Your goal:
Only the closing part of the listing is wanted: reproduce exactly the line containing "Die Auflistung gilt" and all lines below it.

Recorded information:
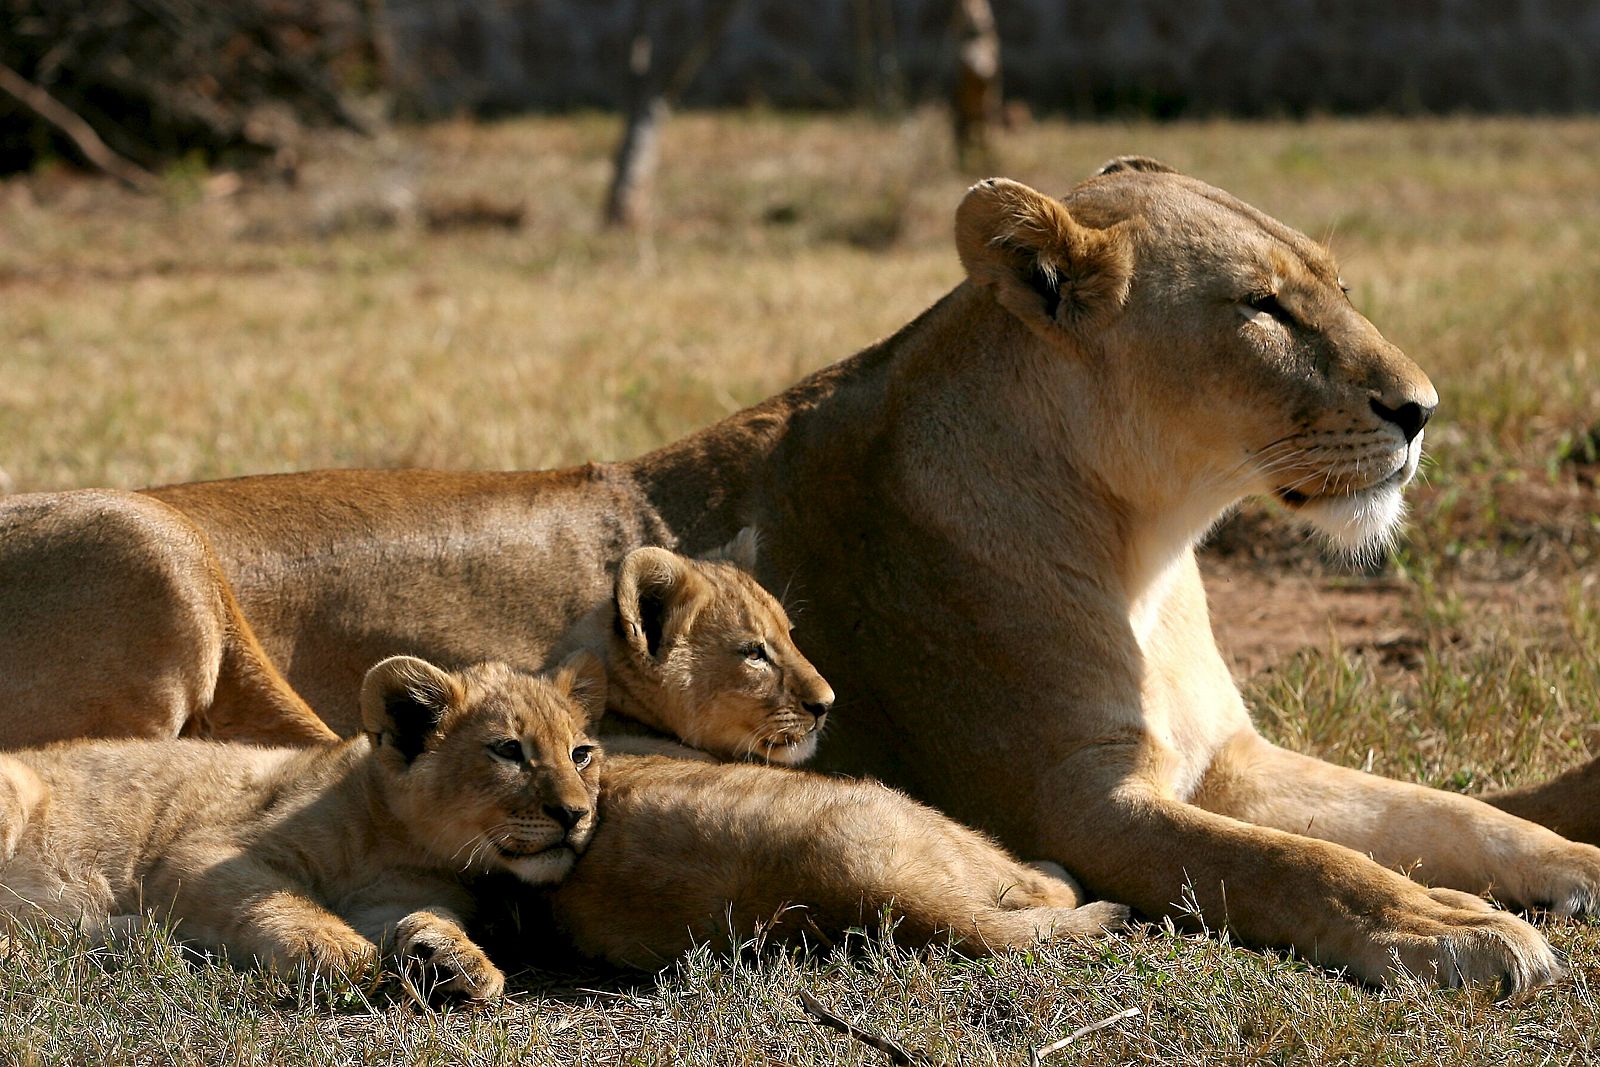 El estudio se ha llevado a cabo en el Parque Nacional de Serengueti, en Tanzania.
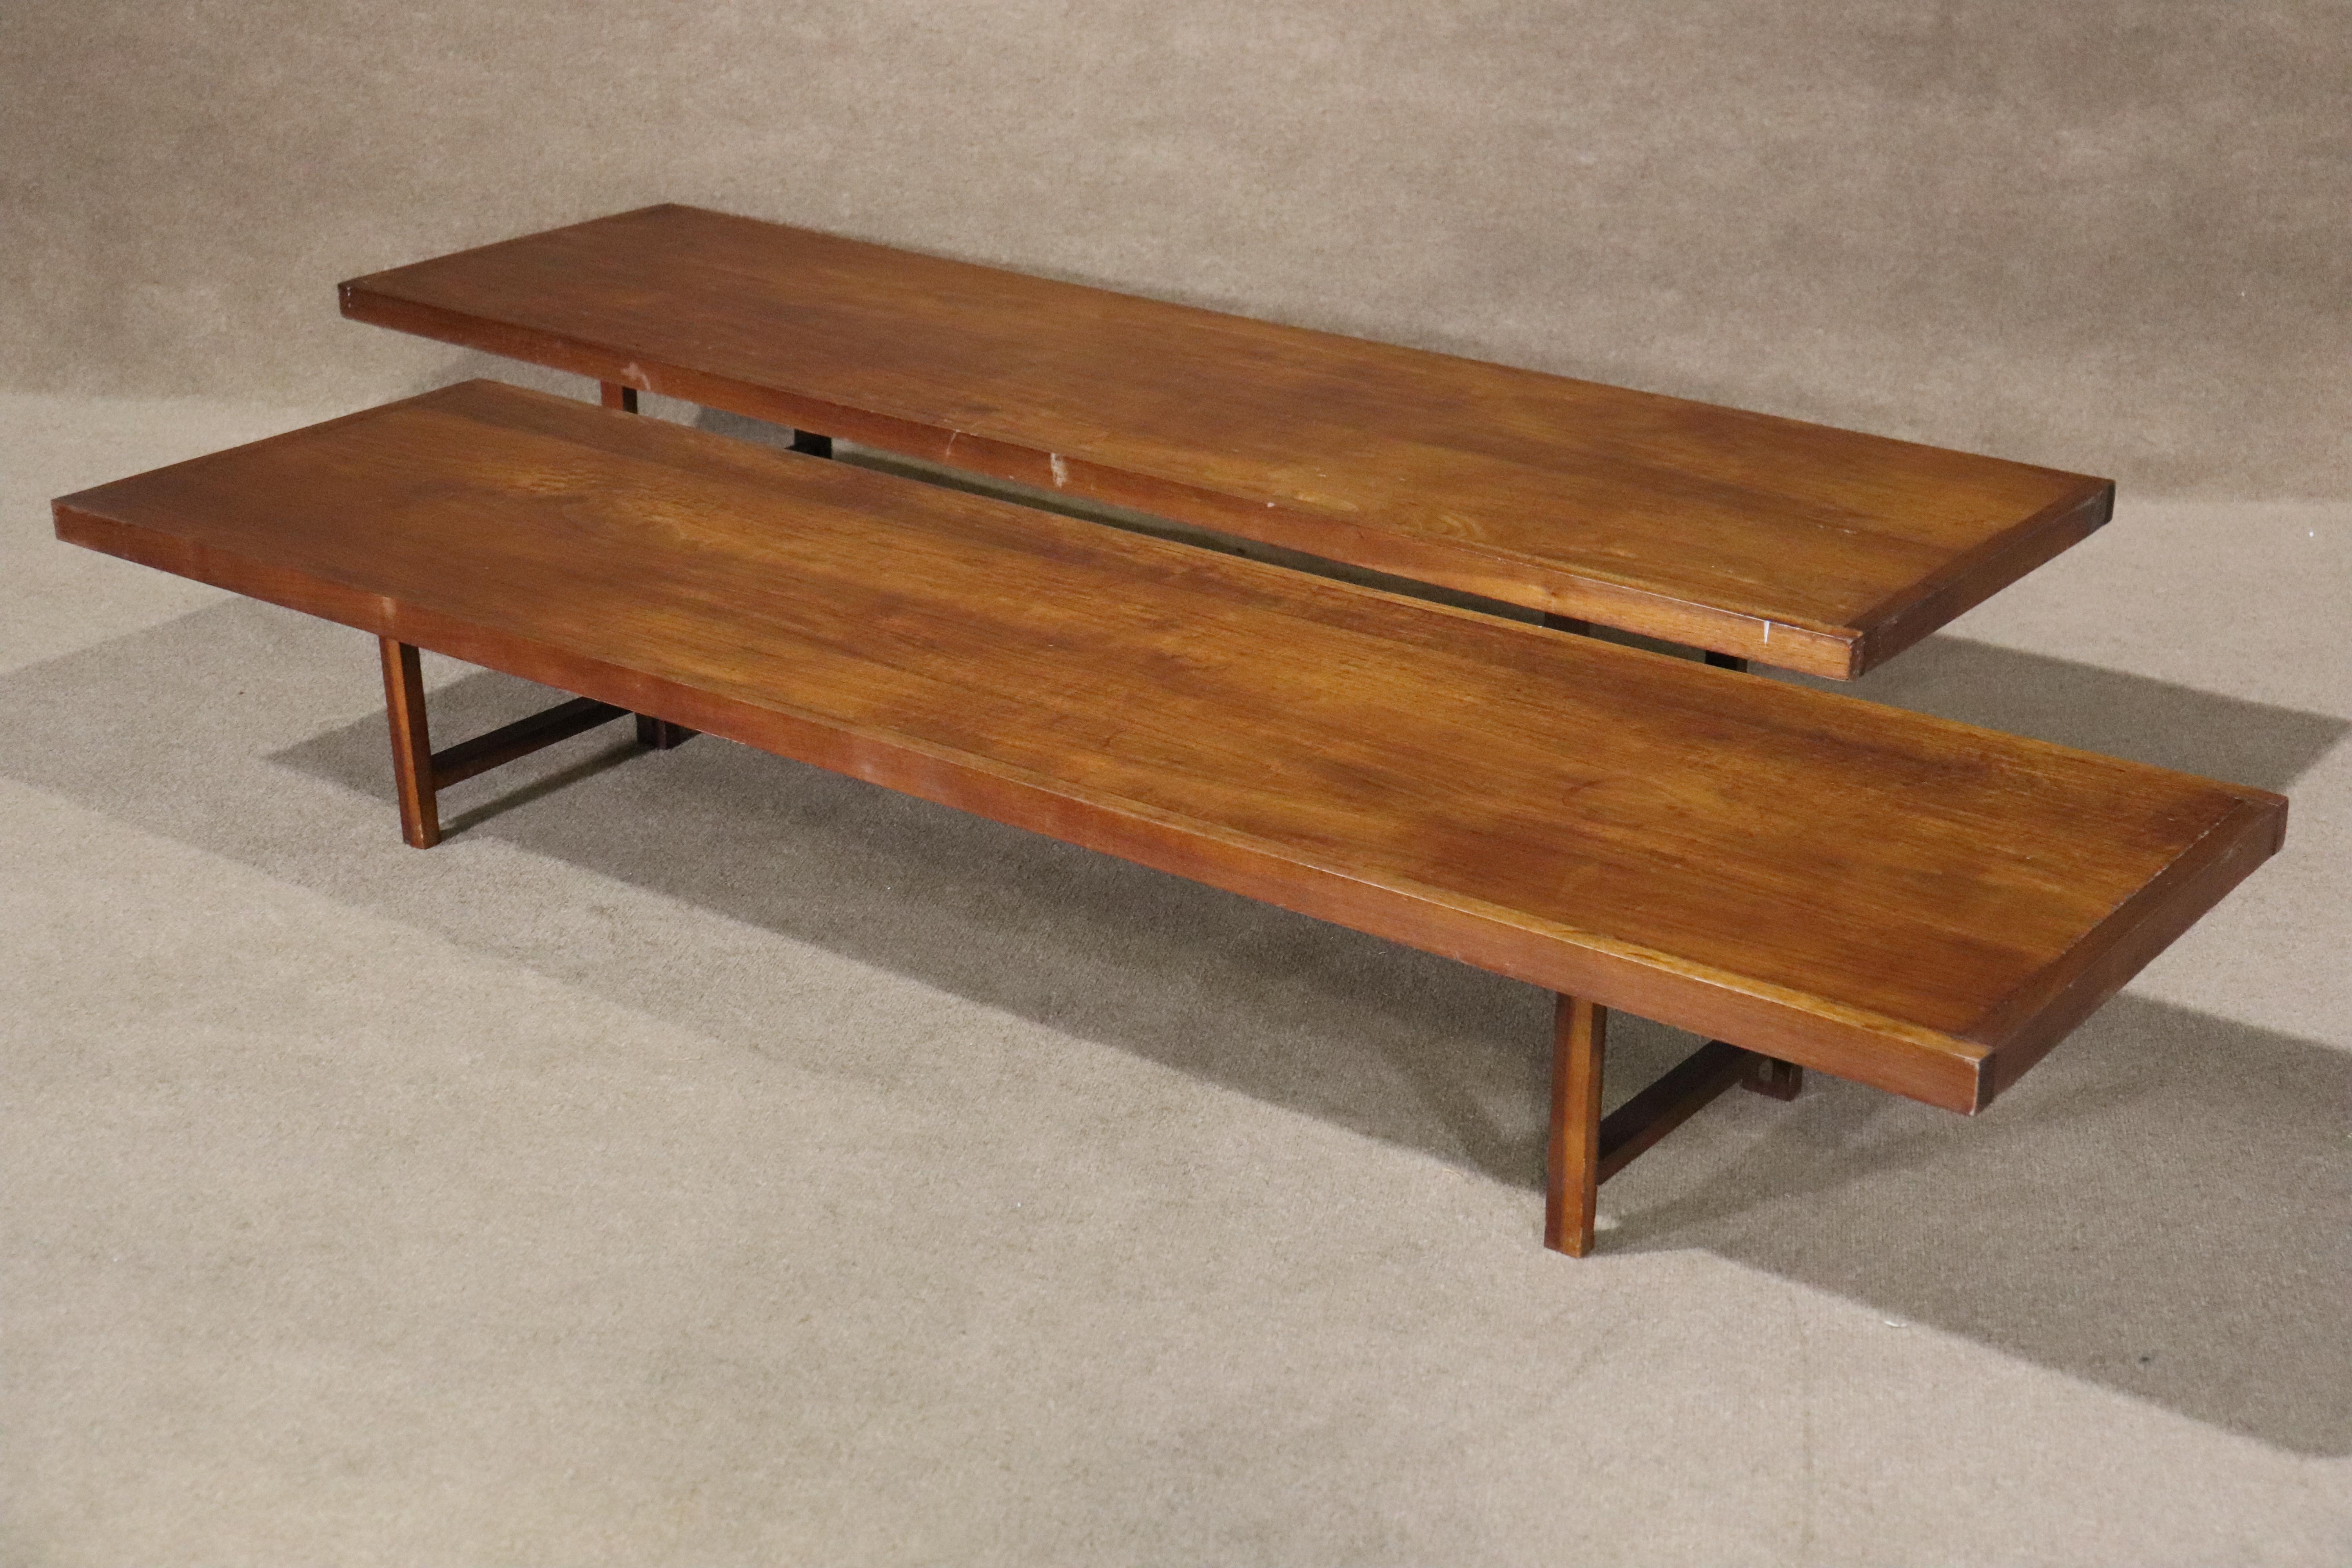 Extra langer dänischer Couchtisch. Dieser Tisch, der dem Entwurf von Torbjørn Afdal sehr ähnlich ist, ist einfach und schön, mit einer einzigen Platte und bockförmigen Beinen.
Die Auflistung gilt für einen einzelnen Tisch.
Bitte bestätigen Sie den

Response to this exercise:
Die Auflistung gilt für einen einzelnen Tisch.
Bitte bestätigen Sie den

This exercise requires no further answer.